I have a black shepherd and it seems like no matter what I do his hair mysteriously appears in weird places. Like my food. Even when I go to the store and look at items in the store his fur is already on it. It's magical.


----------



## jone (May 4, 2009)

I'm still laughing on the lt carpet / dark carpet comment. good one.

I don't like carpet. Is it truth or myth that they shed less if you don't have carpet?


----------



## jone (May 4, 2009)

And I think I do remember that magical appearing fur trick. It's been 15 years since my GSD died. I'd almost forgotten how ridiculous the shedding was. A decade after she had died I would still find her fur on stuff like book pages or stuck to vinyl records. 
I have to get off this topic or I'll talk myself out of getting another one after all.


----------



## lucymom (Jan 2, 2009)

My black girl shed BIGTIME, as much or more than my sable.


----------



## Remo (Sep 8, 2004)

My first GSD was solid black and I swear she shed much less than Trooper, our black and tan. I have had a lot of dogs pass through this house and I am convinced that the lighter the coat, the more they shed. I guess I just notice the blonde hairs more!


----------



## Qyn (Jan 28, 2005)

Quynne is black and she does shed less but she does not have a heavy undercoat - she still sheds more than a non-GSD ... whether on carpet or hard surfaces.


----------



## angelaw (Dec 14, 2001)

Vishnu was solid black and had allergies so he actually shed MORE than any of my dogs.


----------



## jone (May 4, 2009)

ok. you can't all be wrong. the breeder that told me this must have dark carpet then.


----------



## OkieAmazon (Jun 14, 2005)

Oh yeah, our Dareya is a solid black and she shed just as much as any other color, though she has less undercoat than some of ours. I wonder..... She was a Florida bred/born and raised. Now obviously genetics play a HUGE role here, but I wonder if anyone has noticed thier warm-weather raised pups having less coat generally than cold climate pups. Our Czech girl Ozeta has the THICKEST undercoat on the planet.


----------



## flyinghayden (Oct 7, 2005)

> Originally Posted By: OkieAmazonOh yeah, our Dareya is a solid black and she shed just as much as any other color, though she has less undercoat than some of ours. I wonder..... She was a Florida bred/born and raised. Now obviously genetics play a HUGE role here, but I wonder if anyone has noticed thier warm-weather raised pups having less coat generally than cold climate pups. Our Czech girl Ozeta has the THICKEST undercoat on the planet.

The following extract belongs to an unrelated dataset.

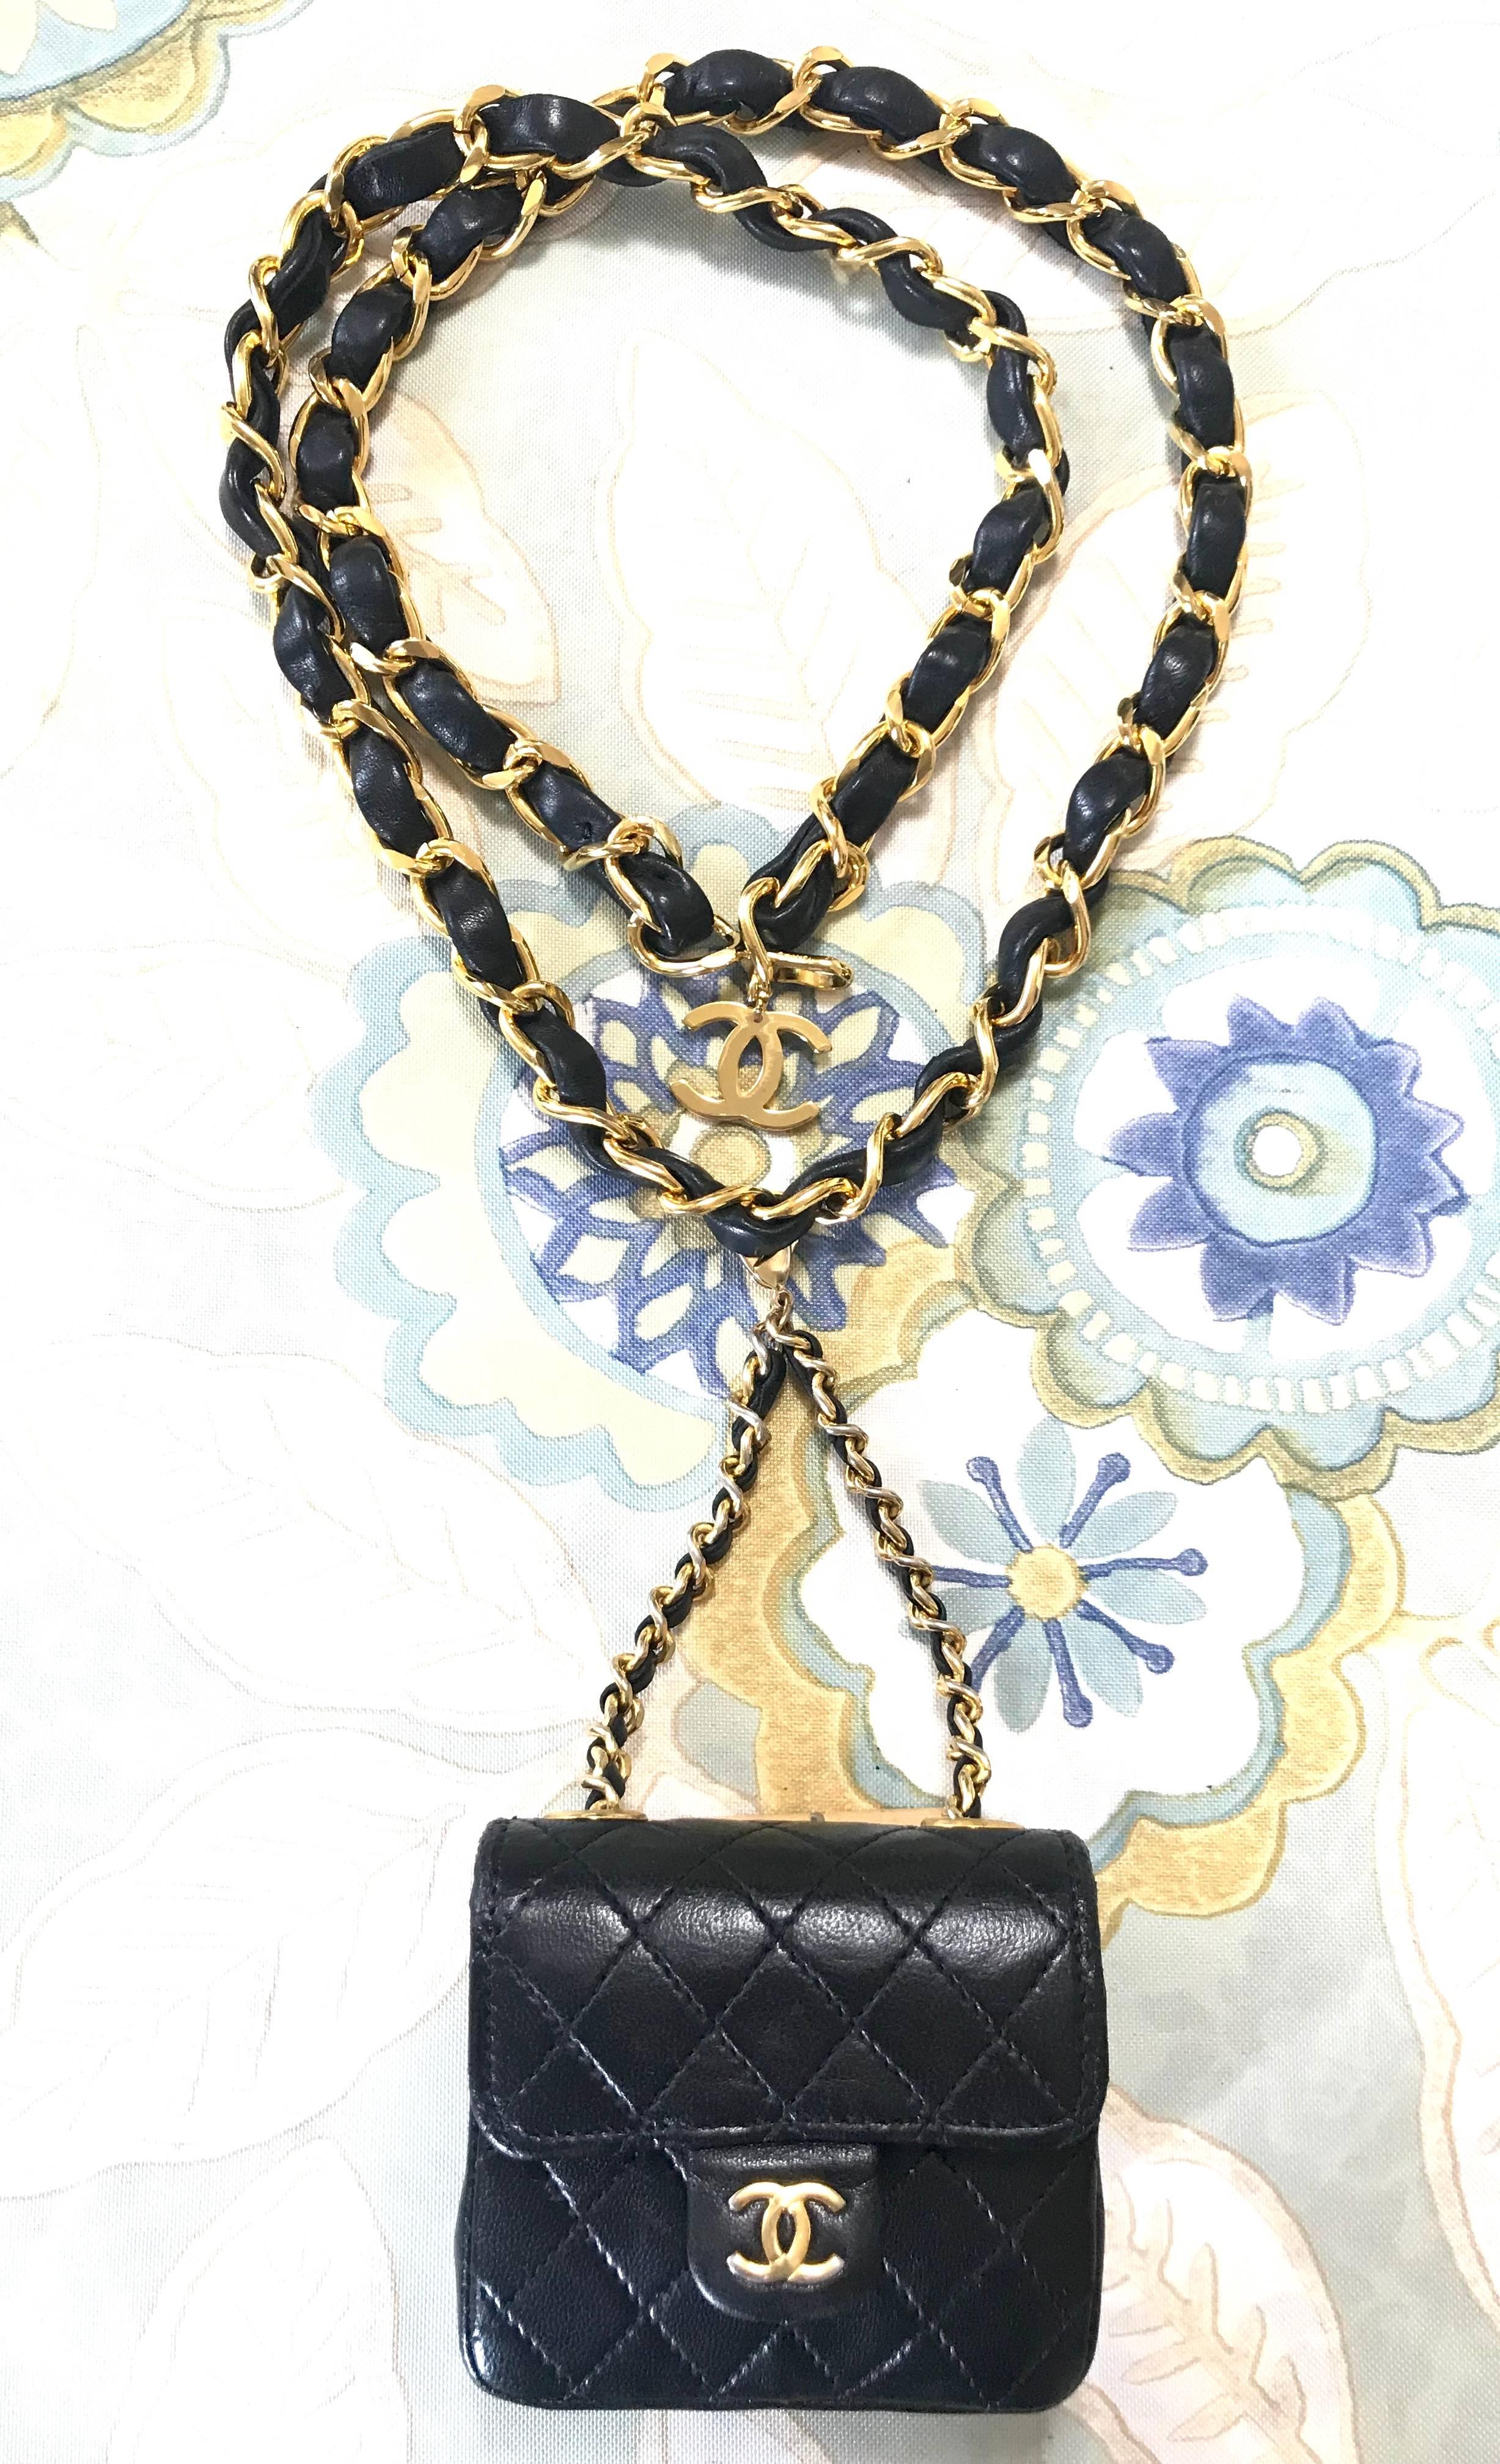 1990s. Vintage CHANEL black lambskin mini 2.55 bag charm chain leather belt with CC motif.

Here is another fabulous piece from CHANEL back in the era of 90's, a black leather golden chain belt with its iconic mini 2.55 bag pouch with CC golden

Big time. When I brought Perle from her former home in Florida to Alaska, she was really thin coated, in fact she had a really tough time(it was January when I went to get her), but last winter, much different, in fact she looked like a little black bear.


----------



## flyinghayden (Oct 7, 2005)

January 08.










February 09.


----------



## doxsee (Jun 14, 2007)

I wish that were true!


----------



## Pedders (Mar 22, 2005)

Bravo shed like crazy. I swear it looked like we were disposing of a large black cat everytime we groomed him! Plus we vacuumed up the same amount every week.


----------



## AbbyK9 (Oct 11, 2005)

> Quote: I swear it looked like we were disposing of a large black cat everytime we groomed him!


That made me


----------



## jone (May 4, 2009)

That is funny. I remember saying I had enough hair ball to make a whole other dog whenever I brushed mine. I'm just getting my 2nd shep after a 15 yr experiment with "other" breeds. This shedding talk is giving me cold feet. 
It is worth it. right? 
I have a 4 yr old mix breed who is so fuzzy it's insane and yet she is not anywhere close to competition to shepherds in the shedding department. {or any other department either}
She barely sheds, she's got very low activity drive, doesn't want to run around or do much of anything.... except get petted or lie around. She doesn't get into mischief, relieves herself instantly when she gets outside & then wants back in, does not want the responsiblity of having any job. 
A lot of people would have to wonder why I would want to add a turbo powered GSD to the family pack. But you all know why. ;D


----------



## Fodder (Oct 21, 2007)

> Originally Posted By: joneThis shedding talk is giving me cold feet.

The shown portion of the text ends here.